I tried it for two years but I couldn’t hack it. In most other jobs you can hide behind a desk or a machine if you are not feeling too good after the night before. Not so with teachers.
All your weaknesses are fully exposed as you stand before a class of pupils who will have no mercy.
They say that working as a reporter for an evening newspaper in a big city is the toughest job of all. I can tell you from experience that it’s a doddle compared to teaching.
You may say that teachers get long holidays at summer, Christmas and Easter, not including all the mid-term breaks that come in between. But I can tell you that if teachers did not get all those breaks they wouldn’t last long in the profession.
So what I am basically saying is that while I agree that teaching is a tough job and that teachers should be well paid and given good breaks throughout the year, this country can no longer afford to pay them what they were used to getting in the boom years.
None of us are getting what we were getting in the good years.
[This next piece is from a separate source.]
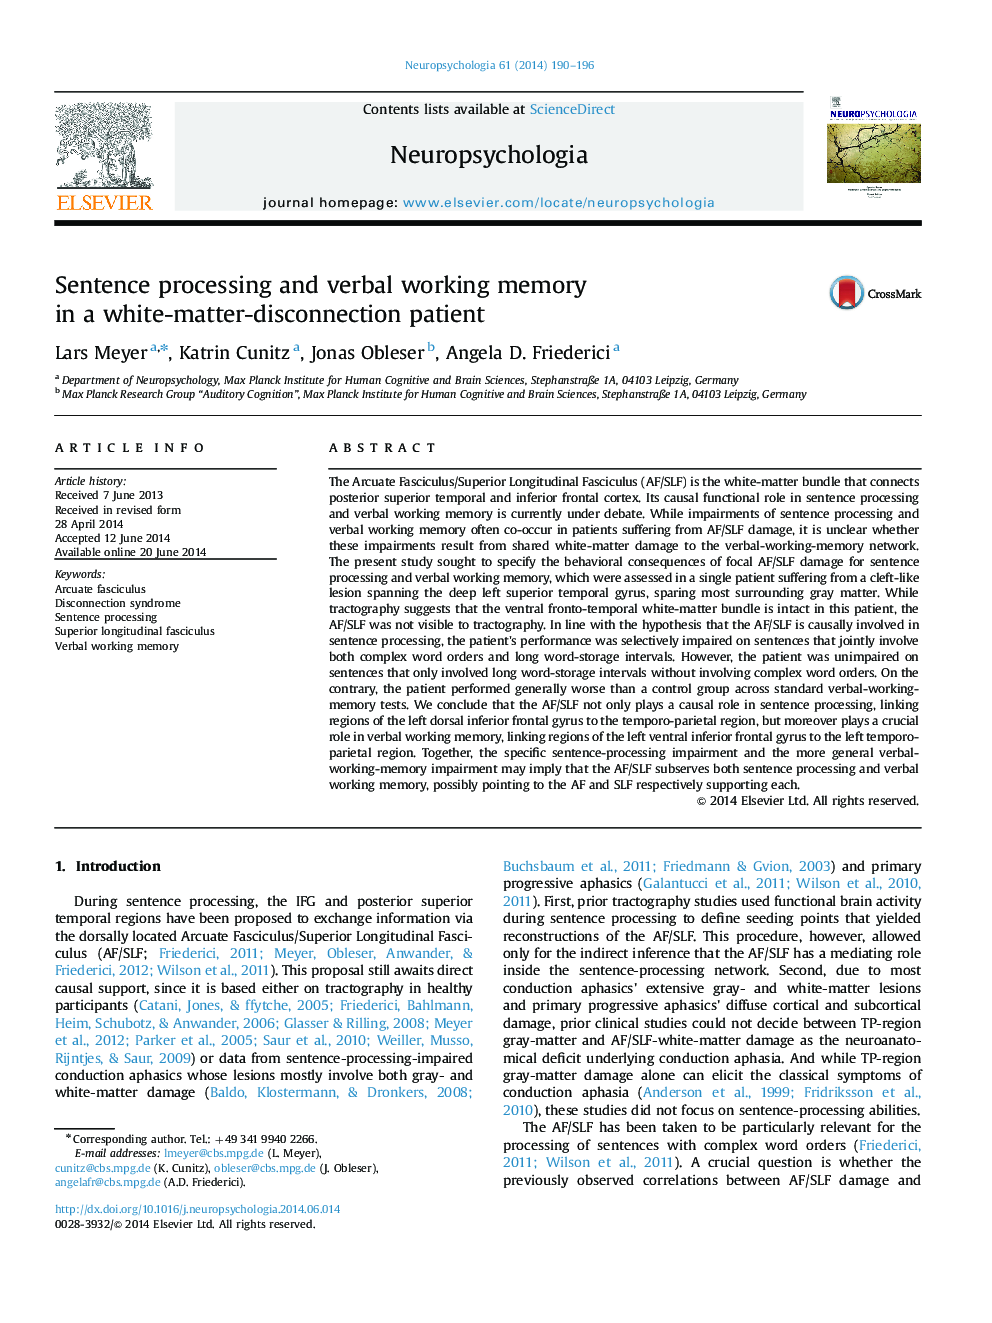 Sentence processing and verbal working memory in a white-matter-disconnection patient
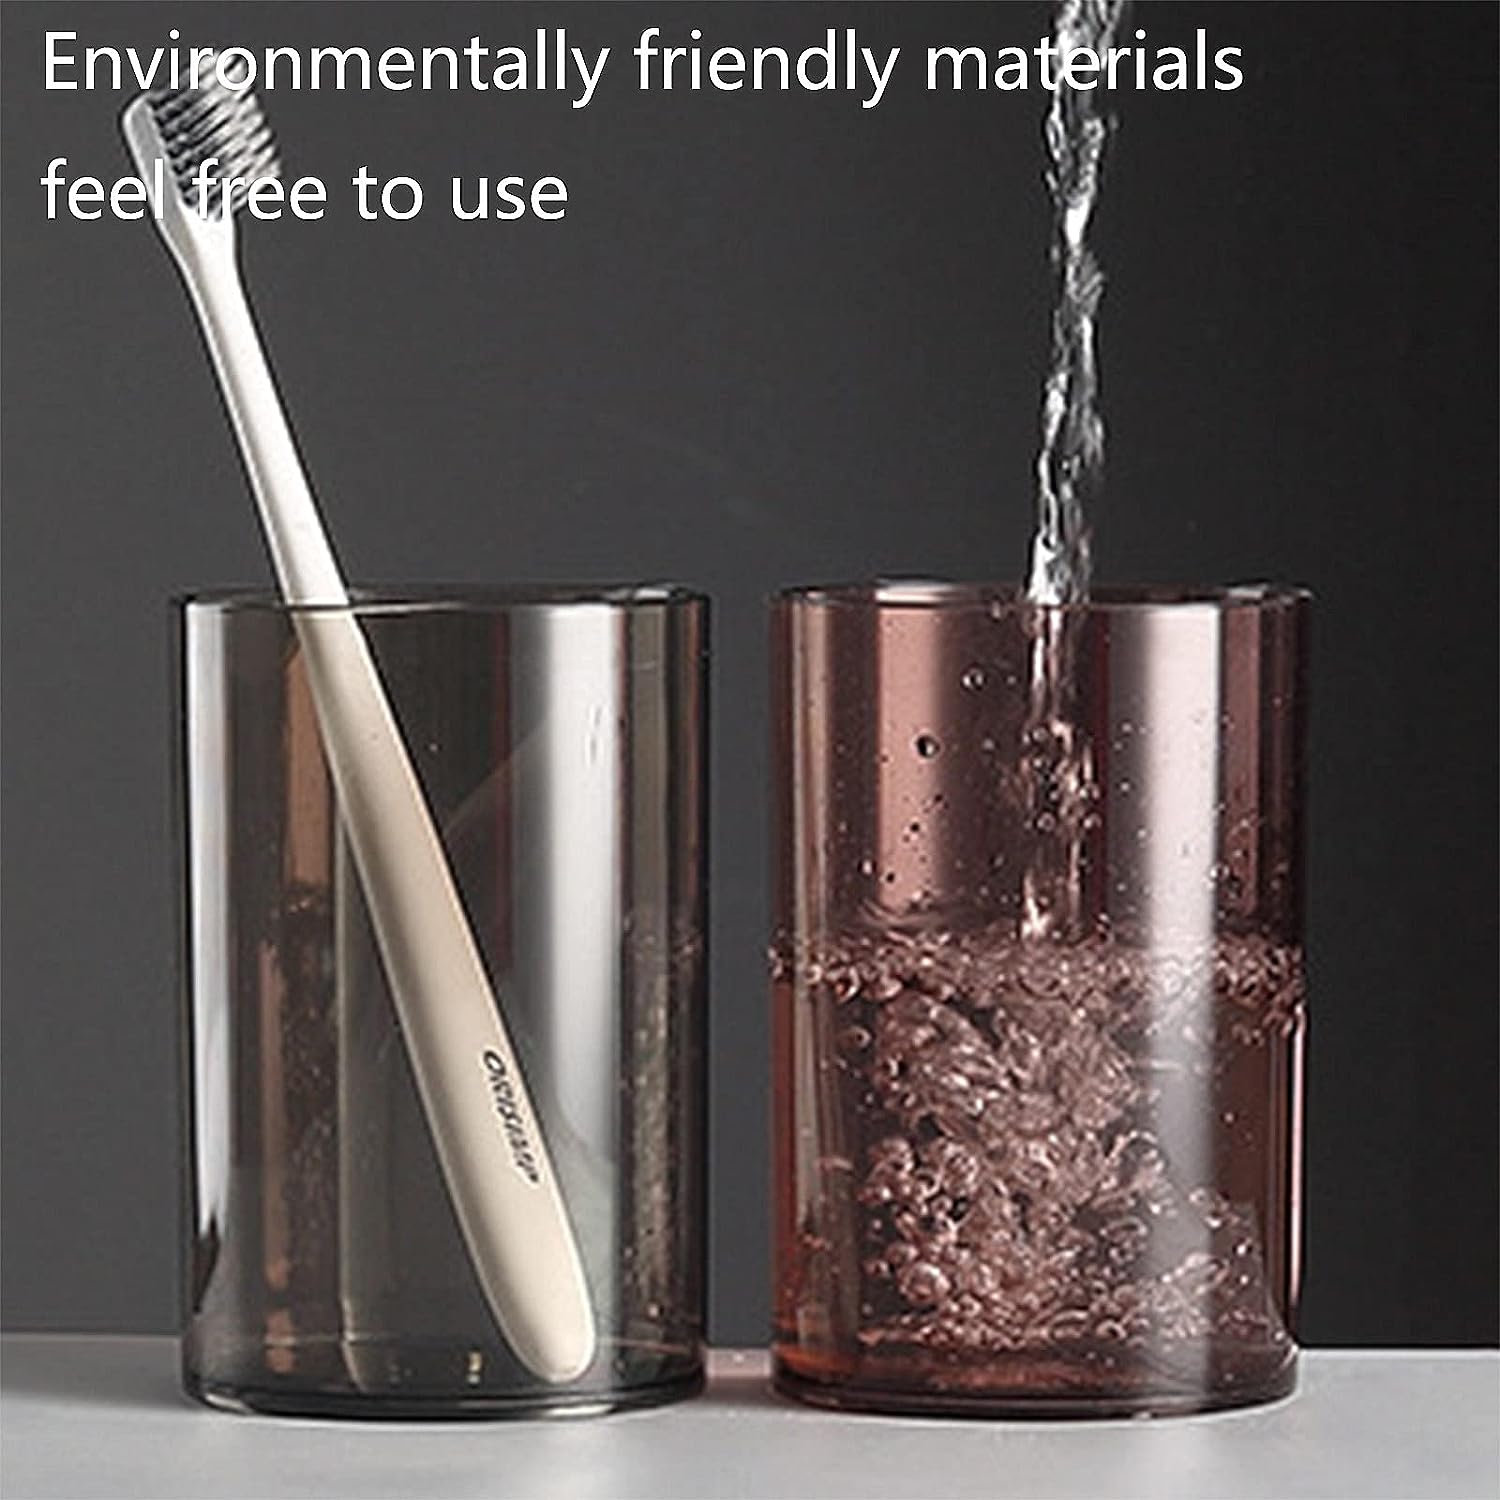 Featuring a Wall Mount Magnetic Adsorption Toothpaste Squeezer Toothbrush Holder with Cup

Some of us had to accept pay cuts of up to 25%. And more of us have lost our jobs and don’t have enough to keep a roof over our heads or food on the table.
Do they not know that people on the dole – through no fault of theirs – also had their payments cut in the last Budget. But those people have no trade union to look after their interests. They have nobody to organise them.
They haven’t got the money to attend an annual conference where they can intimidate the likes of Mary Coughlan or Mary Hanafin.
They are too busy looking for another job or trying to make ends meet and would love to be able to stay with colleagues for a few days in a top hotel in Galway, Salthill or Ennis.
The simple fact of the matter is that we have been living far beyond our means, even in the boom years. And too many of us want to continue living beyond our means now when there is no money there to do that.
And what I am saying about teachers also applies to gardaí, nurses, soldiers, county council officials and civil servants in general. But it was teachers who held their annual conferences last week.
I agree there was a lot of unfairness about those cutbacks. Higher-earning public servants were not hit as hard as were those on the ground floor or in the basement.
And it was certainly going to be much more difficult delivering the Croke Park agreement in the days following the revelation that we were going to spend countless billions trying to bail out the banks who caused the crisis.
But the fact remains that public spending has to be cut back and cut back further in the year ahead. And that cannot be done without pain. The economy cannot be fixed without hurt. Nobody can escape the pain.